Dlib库中提供了正脸人脸关键点检测的接口,这里参考dlib/examples/face_landmark_detection_ex.cpp中的代码,通过调用Dlib中的接口,实现正脸人脸关键点检测的测试代码,测试代码如下:
/* reference: dlib/examples/face_landmark_detection_ex.cpp
This program shows how to find frontal human faces in an image and
estimate their pose. The pose takes the form of 68 landmarks. These are
points on the face such as the corners of the mouth, along the eyebrows, on
the eyes, and so forth
*/
int test_face_landmark()
{
// download: http://dlib.net/files/shape_predictor_68_face_landmarks.dat.bz2
const std::string shape_predictor_68_face_landmarks = "E:/GitCode/Face_Test/src/dlib/data/shape_predictor_68_face_landmarks.dat";
// We need a face detector. We will use this to get bounding boxes for
// each face in an image.
dlib::frontal_face_detector detector = dlib::get_frontal_face_detector();
// And we also need a shape_predictor.
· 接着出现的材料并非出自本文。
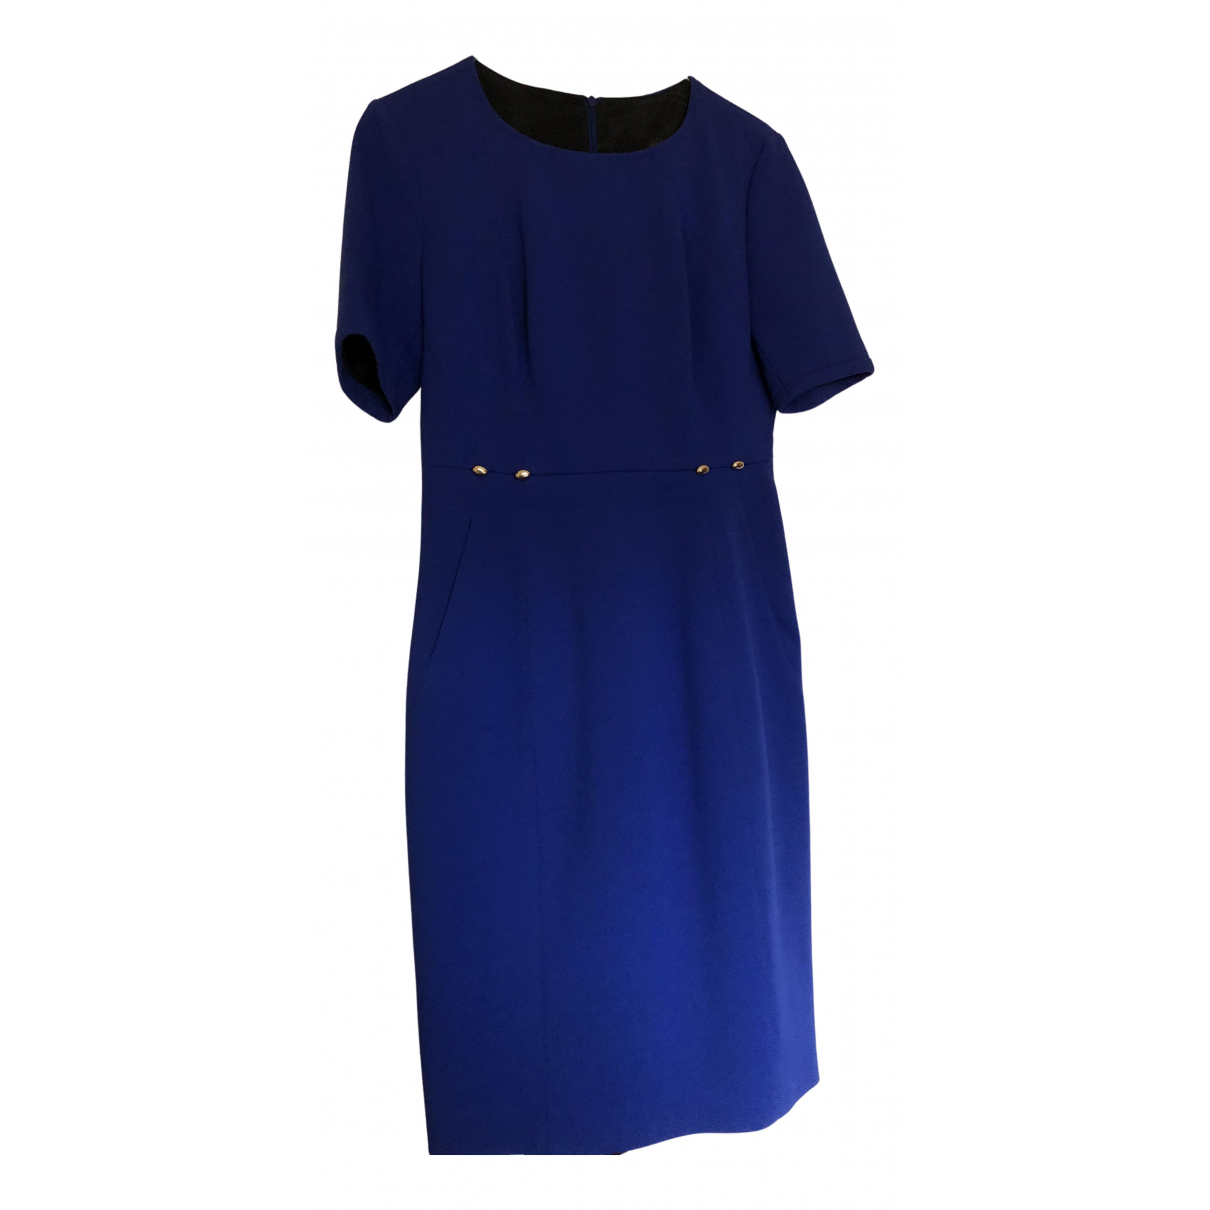 Adolfo Dominguez N Blue dress for Women 40 FR

This will predict face
// landmark positions given an image and face bounding box
dlib::shape_predictor sp;
dlib::deserialize(shape_predictor_68_face_landmarks) >> sp;
std::vector<std::string> images{ "1.jpg", "2.jpg", "3.jpg", "4.jpeg", "5.jpeg", "6.jpg", "7.jpg", "8.jpg", "9.jpg", "10.jpg",
"11.jpeg", "12.jpg", "13.jpeg", "14.jpg", "15.jpeg", "16.jpg", "17.jpg", "18.jpg", "19.jpg", "20.jpg" };
std::vector<int> count_faces{ 1, 2, 6, 0, 1, 1, 1, 2, 1, 1,
1, 1, 1, 1, 1, 1, 1, 0, 8, 2 };
std::string path_images{ "E:/GitCode/Face_Test/testdata/" };
if (images.size() != count_faces.size()) {
fprintf(stderr, "their size that images and count_faces are mismatch\n");
return -1;
}
for (int i = 0; i < images.size(); i++) {
cv::Mat matSrc = cv::imread(path_images + images[i], 1);
if (matSrc.empty()) {
fprintf(stderr, "read image error: %s\n", images[i].c_str());
return -1;
}
dlib::array2d<unsigned char> img;
dlib::load_image(img, path_images + images[i]);
// Make the image larger so we can detect small faces.
pyramid_up(img);
// Now tell the face detector to give us a list of bounding boxes
// around all the faces it can find in the image.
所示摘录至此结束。